Ice Climbing Equipment
- Mountaineering Boots
- Ice Axes
- Harness with Ice clippers
- Backpacks for carrying the equipment
- Belay device, locking carabiners, anchor material
- Emergency equipment: first aid kit, survival kits for alpine conditions
- Ice screws
- Avalanche gear such as a transceiver and an extendable probe
- Communication device
- Cold weather clothing
- Supplies like food and water
Ice Climbing Costs
Equipment can be quite expensive with renting gear costing $30USD a day or at least $1500 USD to purchase a basic setup. Some rock climbing equipment can easily be re-purposed including ropes, most of the hardware and as long as your harness has slots for ice screws and is extendable enough to cover your extra layers for the cold, then that too. Transport costs can also add up and in many cases, you would be wise to hire a guide, which will be more expensive in Austria than it will be in Nepal.
Is Ice climbing difficult or beginner friendly
Lower grades of ice climbing may not be too difficult, but just getting to the point to do that can be a long process. Undertaking ice climbing training and then trudging through the snow to get to the start of your climb can take its toll meaning you will be tired before you even start the ice climb. All this makes ice climbing not the friendliest for a beginner wanting to have just have a try.
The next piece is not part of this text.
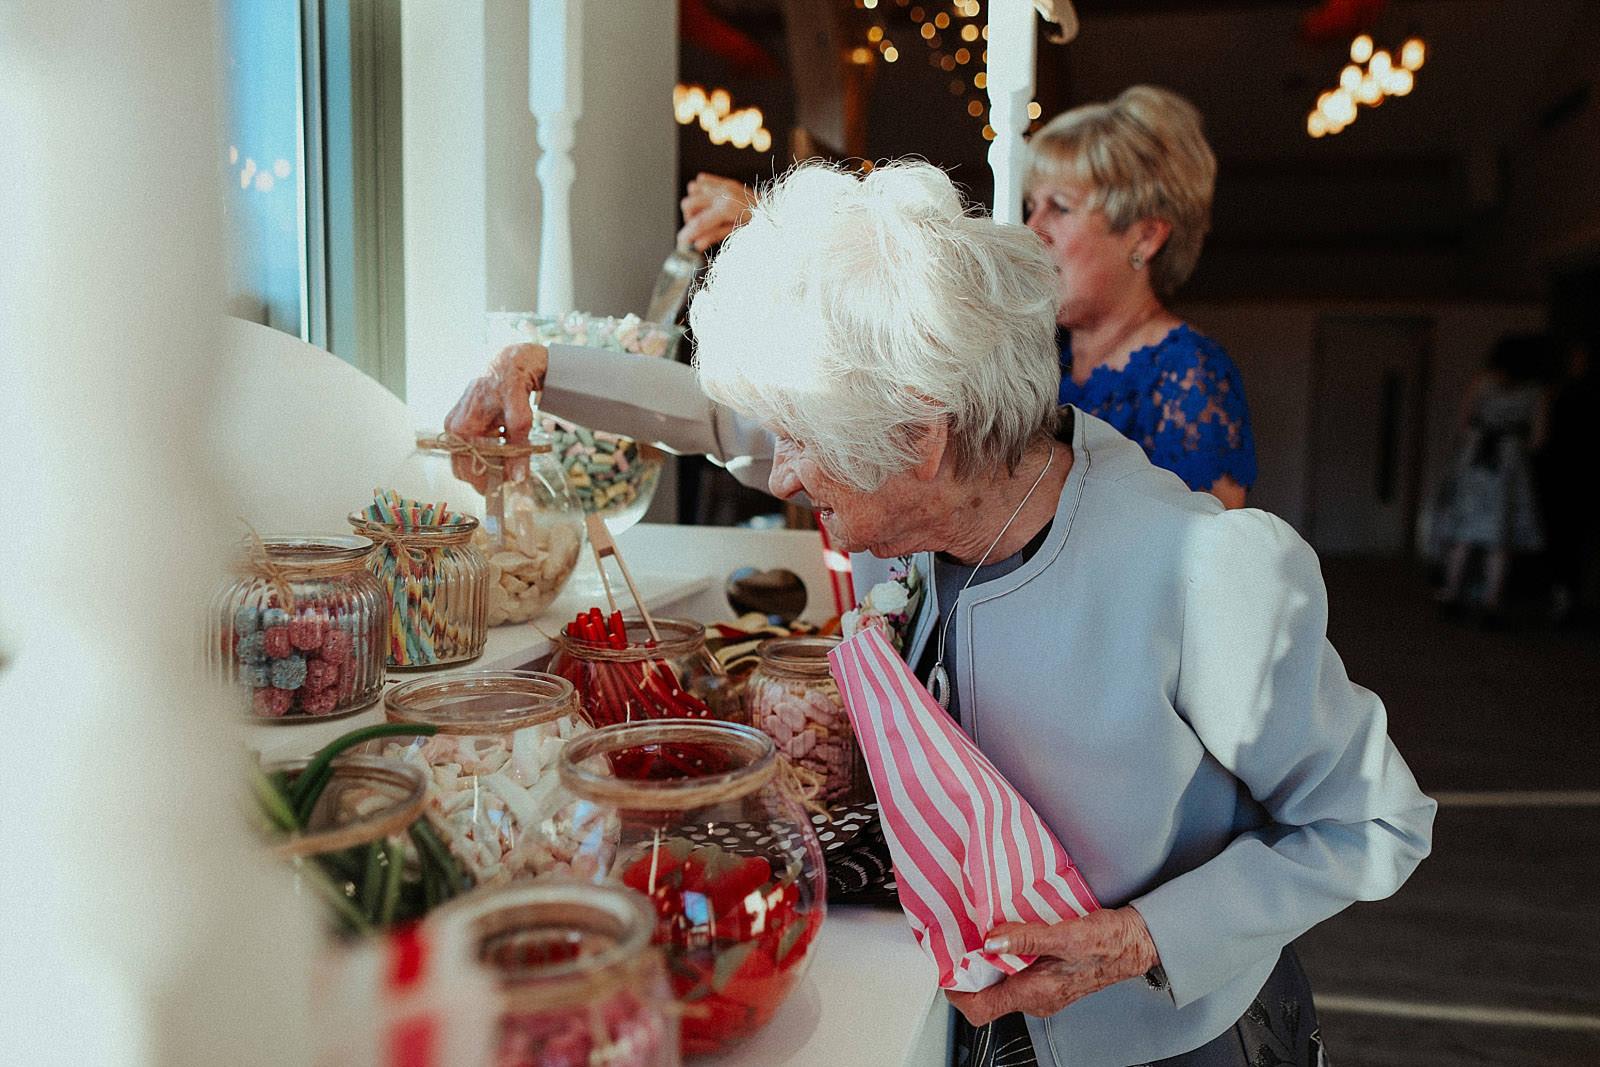 grandma picking sweets at wedding
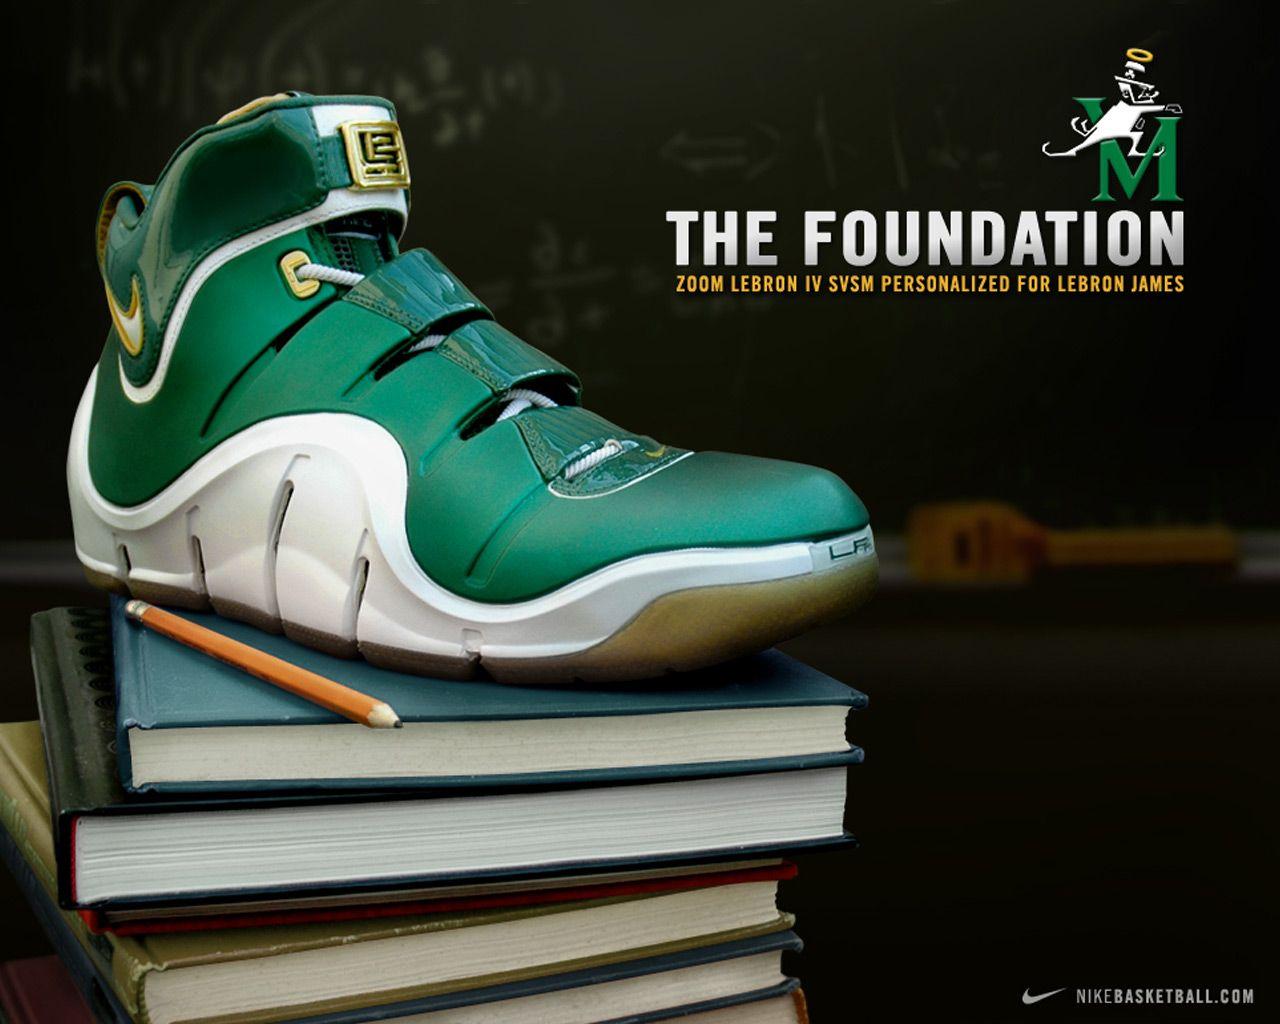 Fond d'écran > Marques > Nike Basketball

Finding an ice climbing guide
For those wanting to learn how to ice climb, here are some great sites to check out to explore more. Read up on Tyrol for Austria, Yamnuska for Canada, Ultimatefrance.com for France and Colorado Mountain School in the USA offer many courses in their alpine regions. India and Nepal all offer courses or experiences in ice climbing, but generally as part of a wider mountaineering course. If you would like to move into ice climbing, then contacting the nearest school that can teach you the skills necessary is a great first step.
Ice Climbing Terms
- Anchor. An artificial strong point that is made at the top and also sometimes at the bottom of a climb to create a no fail hard point to base a safety system on.
- On sight. Completing a climb first attempt with minimal knowledge of the route’s features.
- Ice Screw. A metal screw that is put into the ice to create a hard point for safety
- Crampons. Pointy metal cage like structure that fits over your boots and enable you to stick your foot into ice.
- Alpine climbing. Also mountaineering. A combination of all climbing skills required to climb mountain peaks.
- Approach. The walk, ski or snowmobile walk to the ice wall locations.